» What to work on:
From the line that holds "Puntos clave en" down to the last line of the listing below, reproduce each line exactly and nothing more, omitting pictures.

» Given data:
----
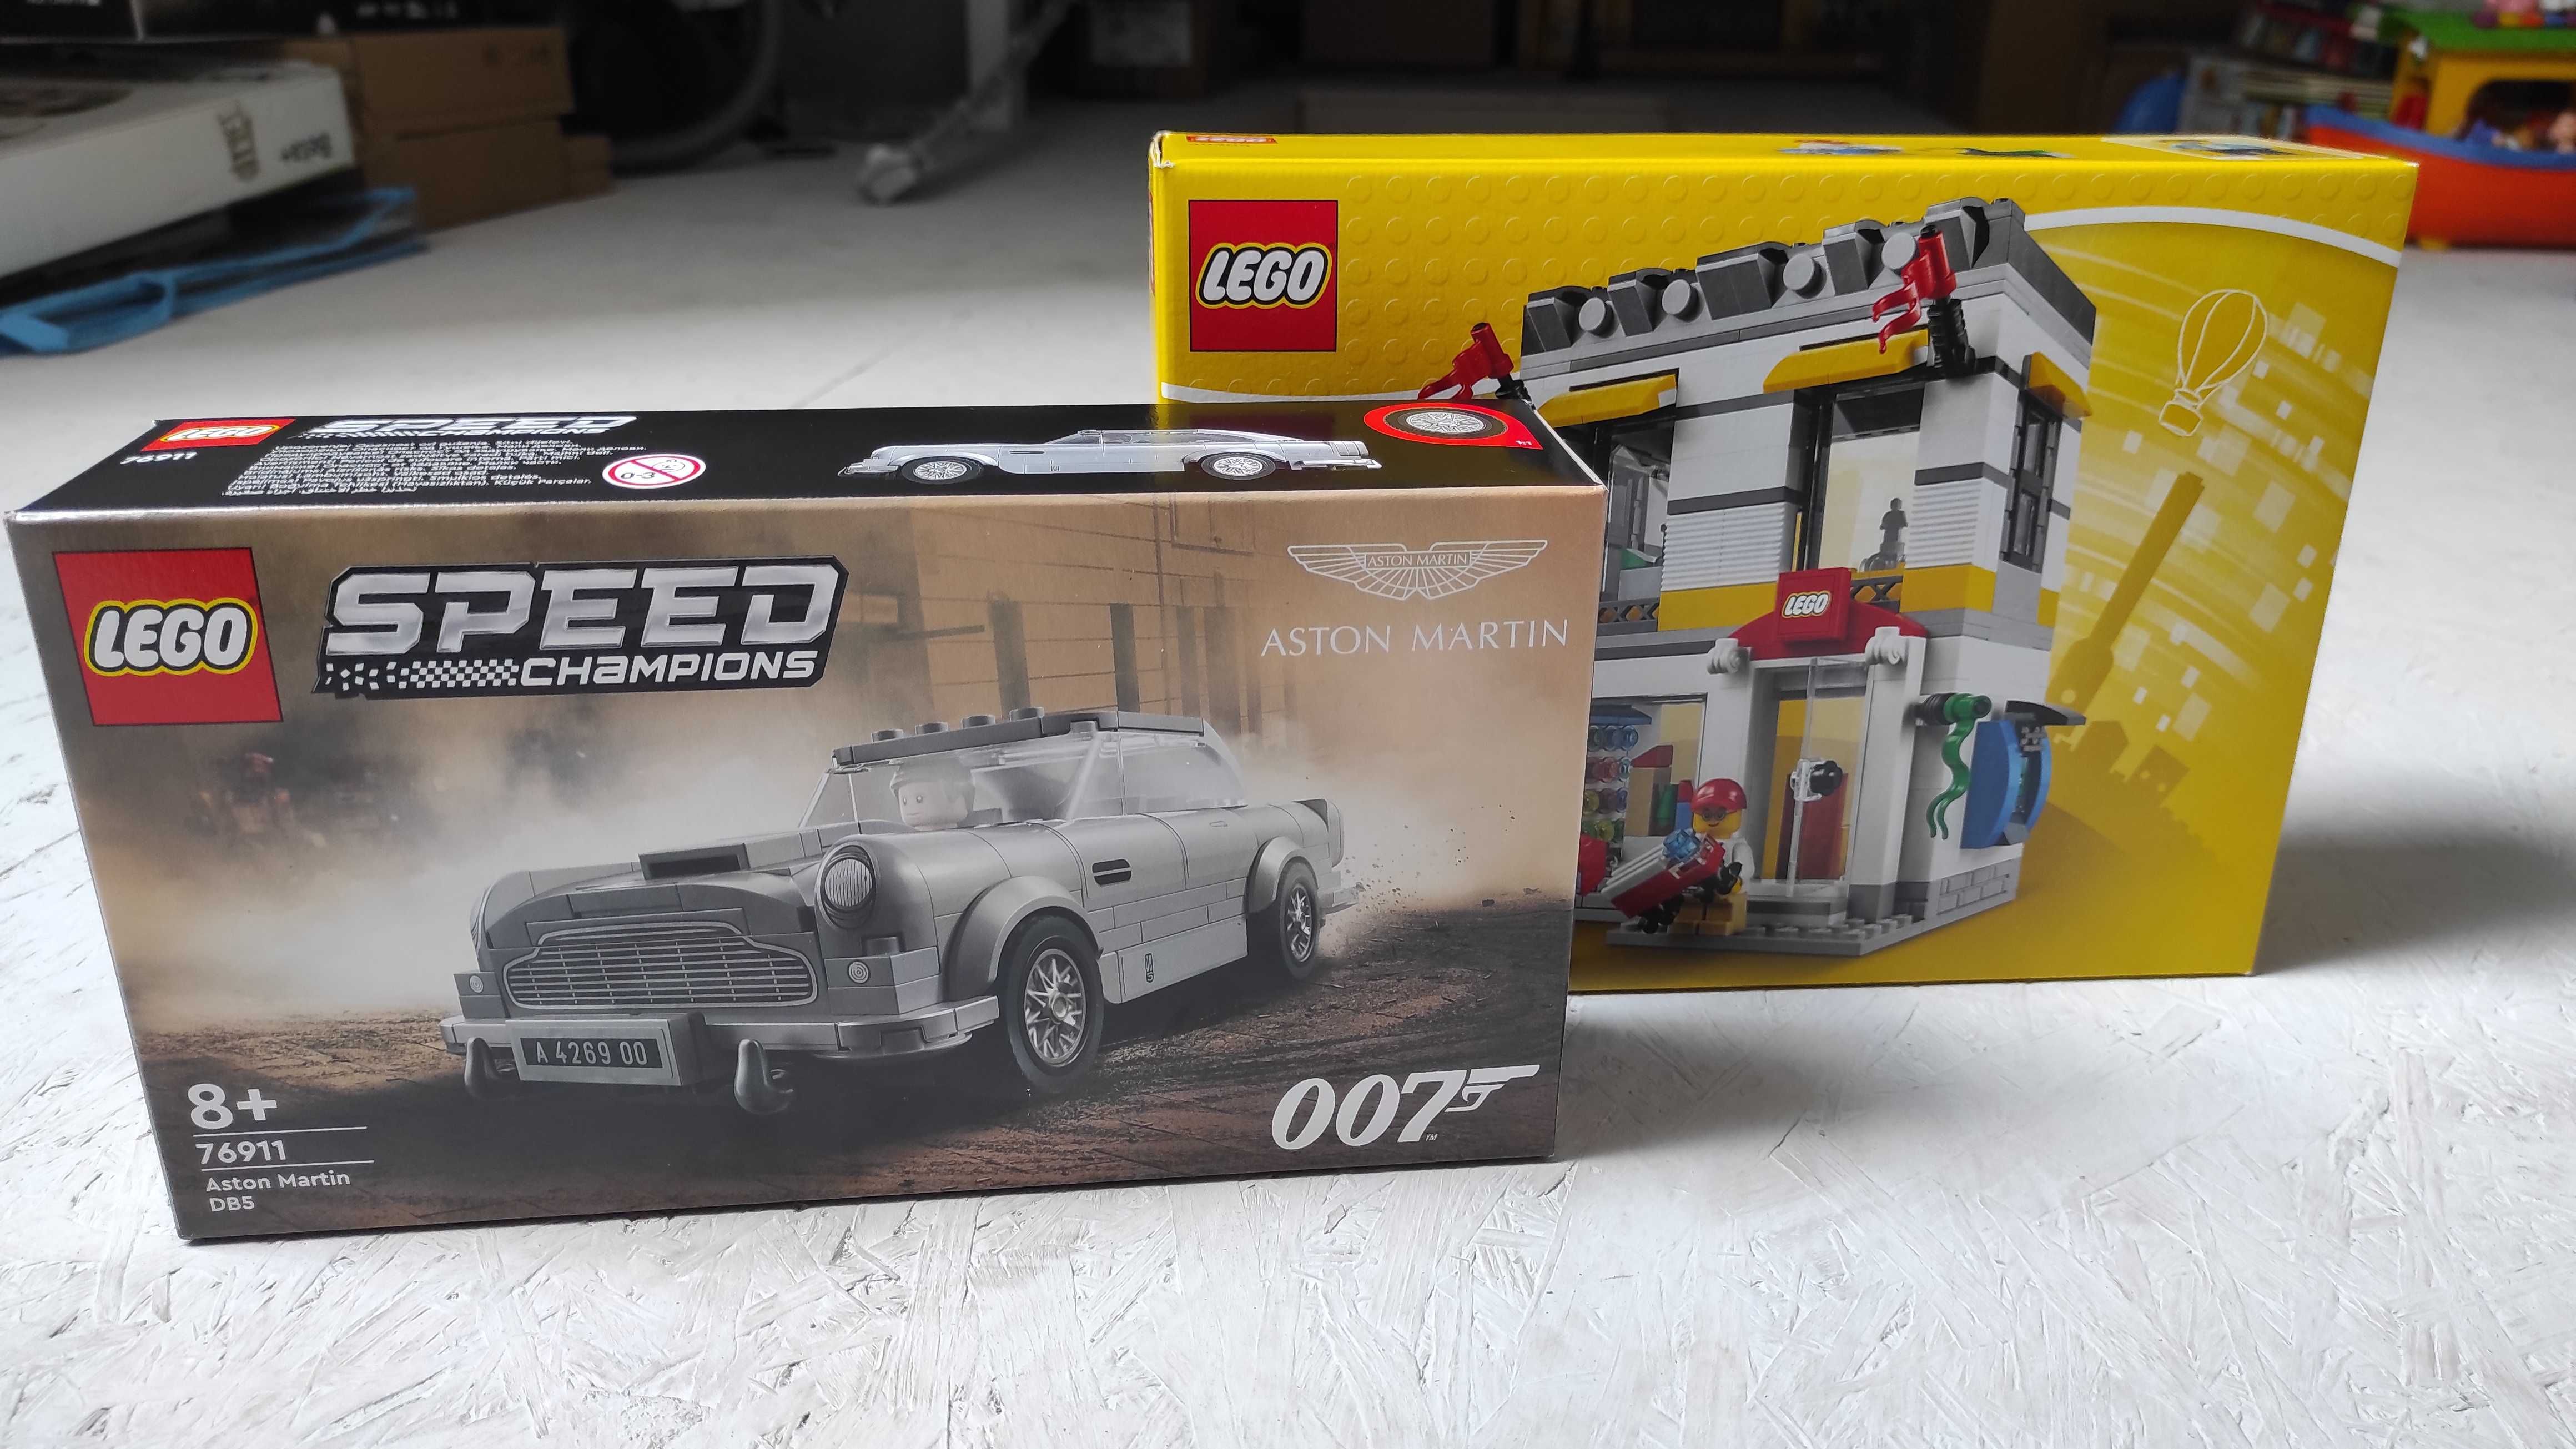 LEGO 007 Aston Martin DB5 + LEGO 40305 Sklep firmowy w mikroskali
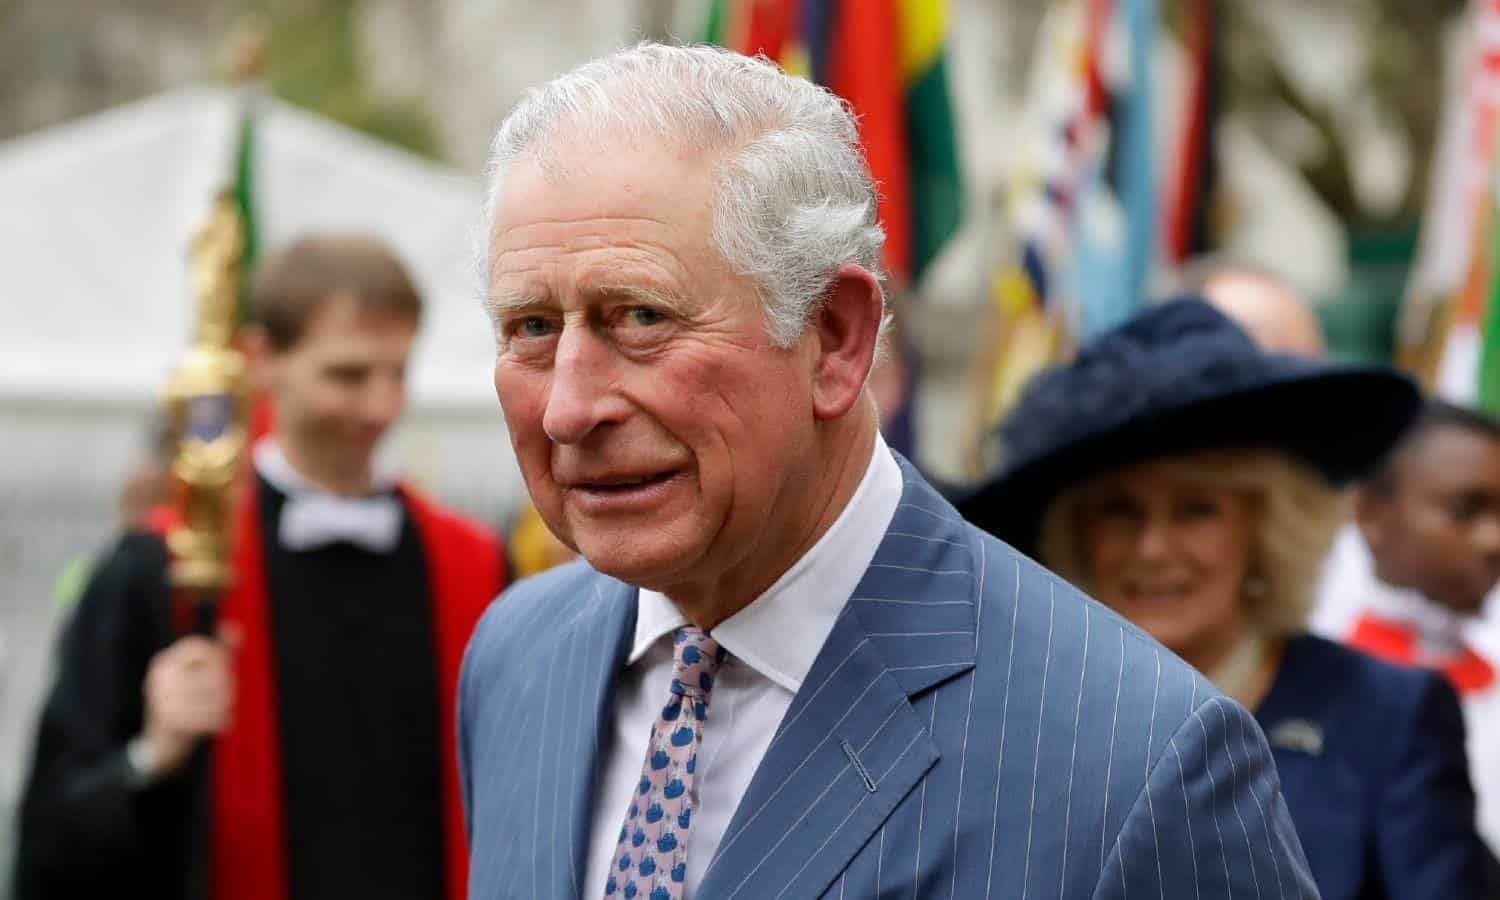 Puntos clave en la vida de Carlos, nuevo rey de Gran Bretaña
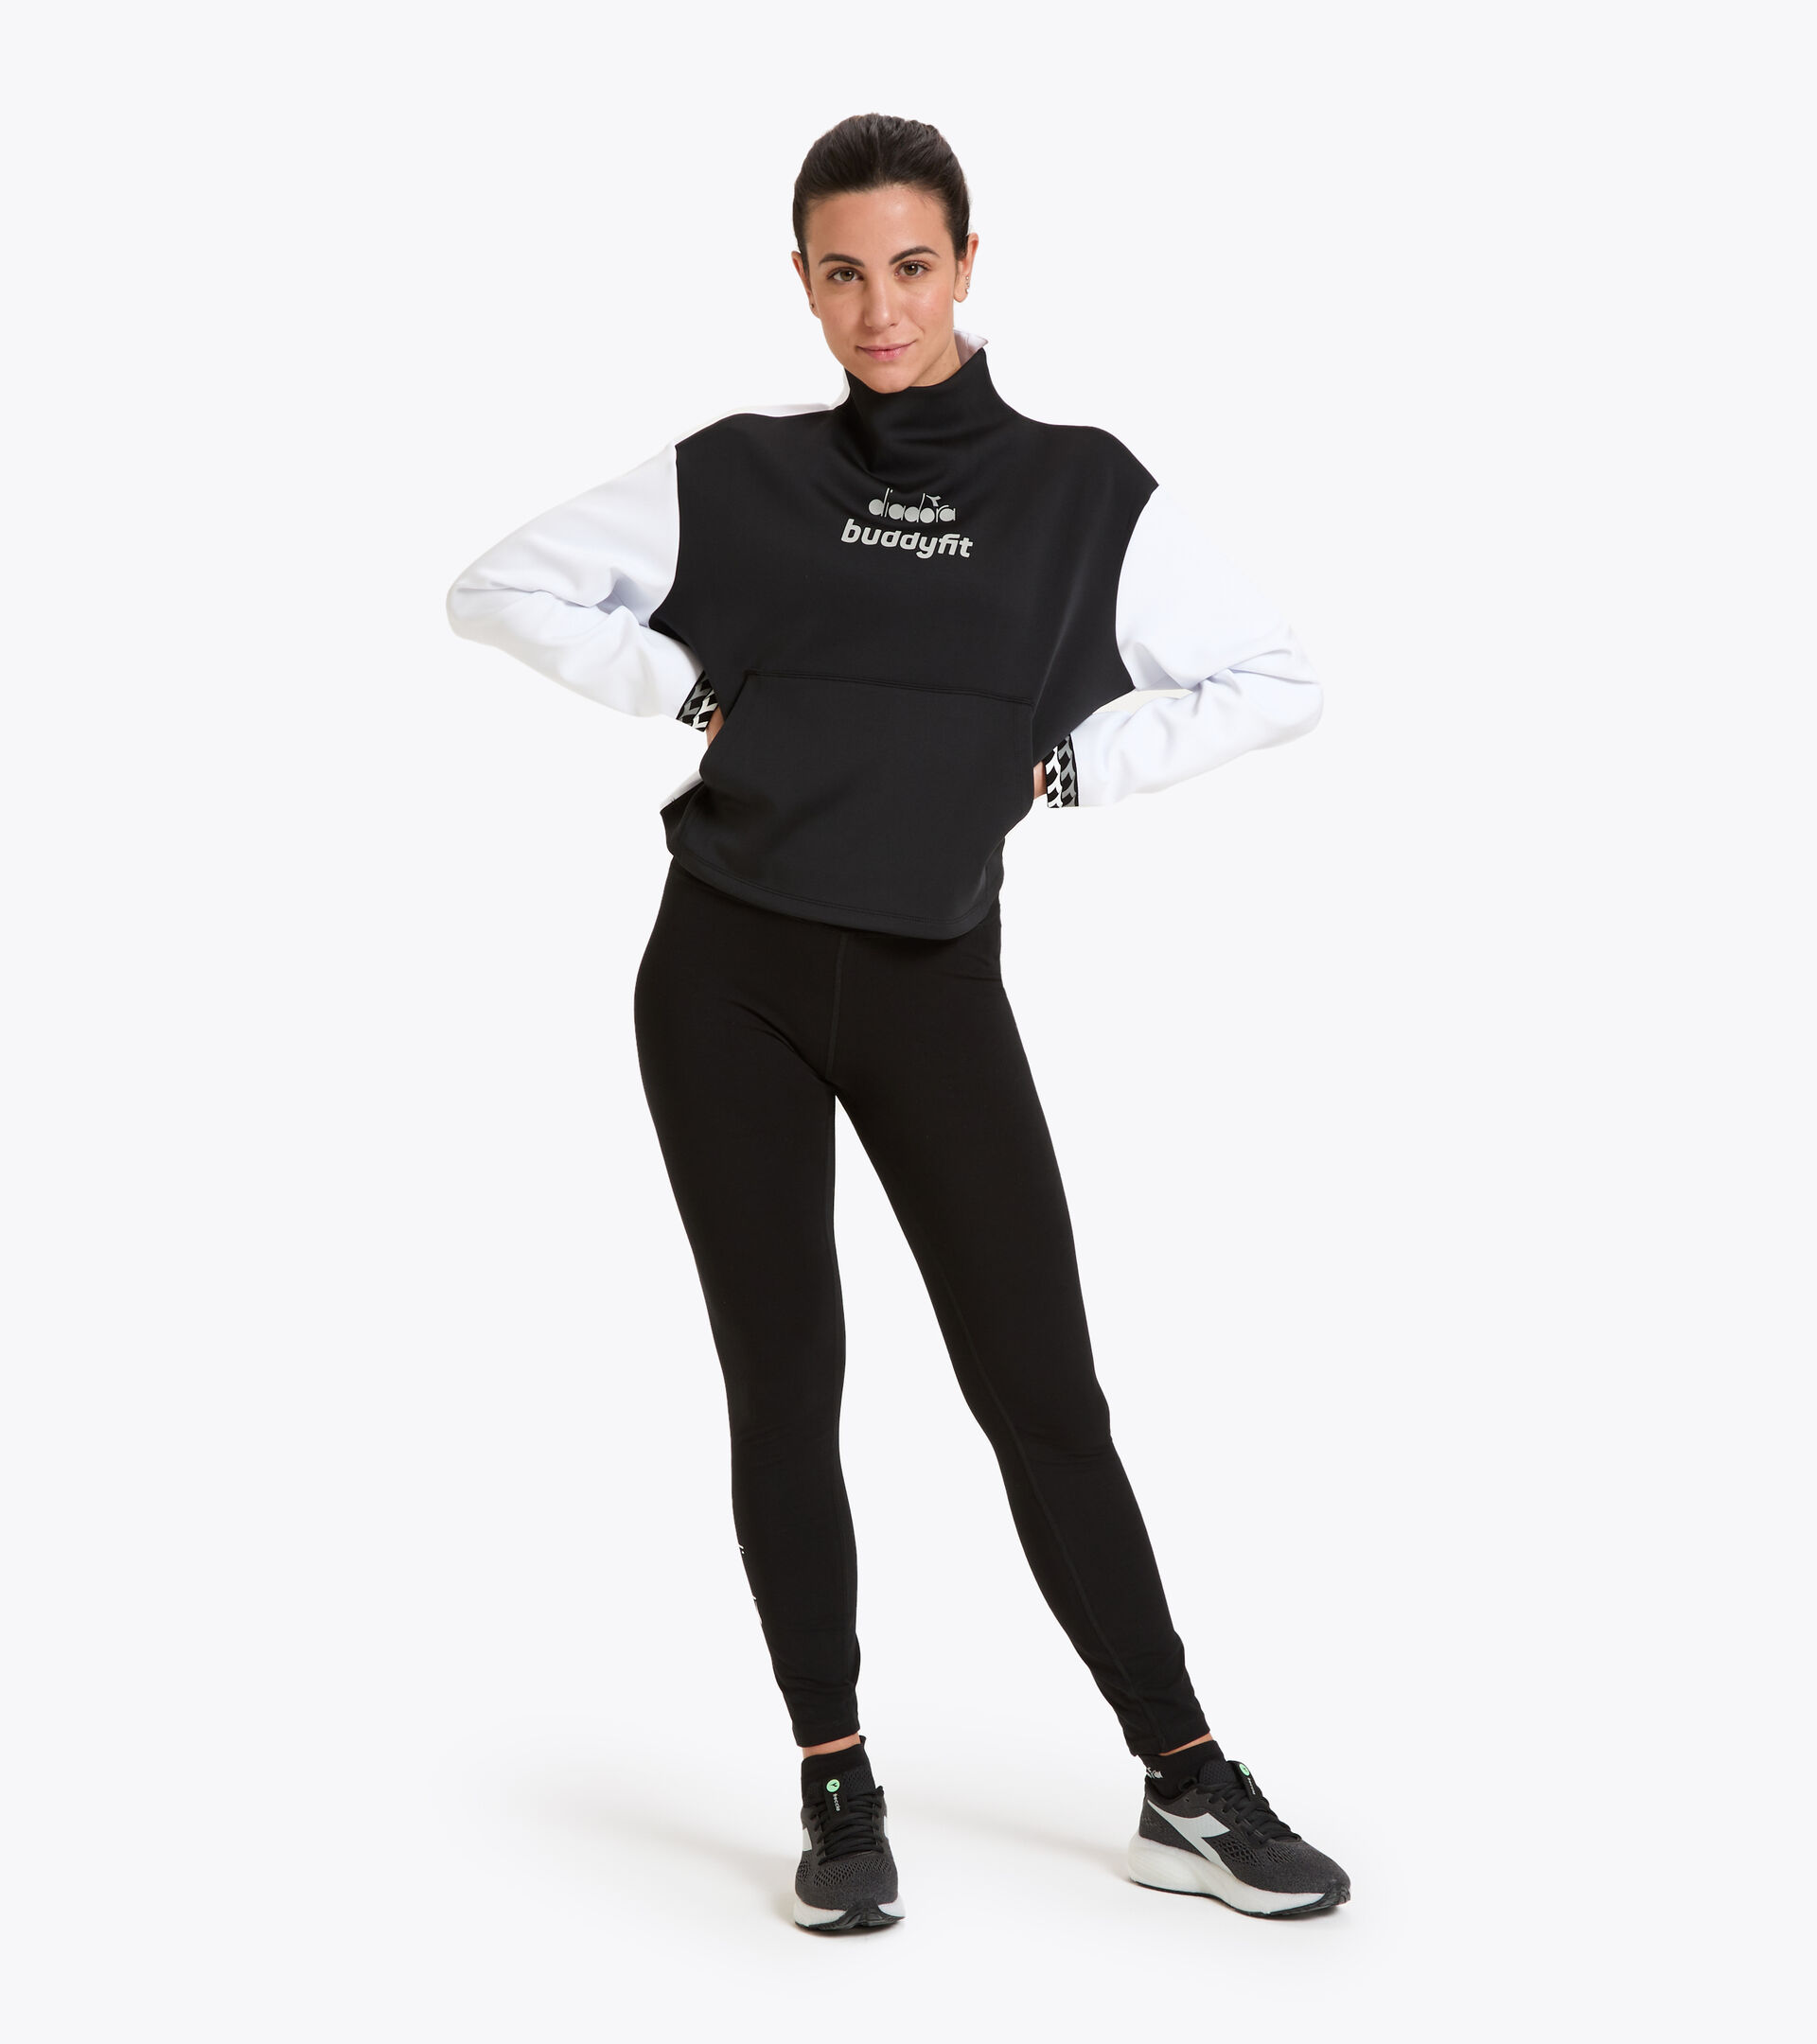 Workout-T-Shirt for women L. SWEAT BUDDYFIT BLACK - Diadora
----
» Task solution:
 Puntos clave en la vida de Carlos, nuevo rey de Gran Bretaña
 Workout-T-Shirt for women L. SWEAT BUDDYFIT BLACK - Diadora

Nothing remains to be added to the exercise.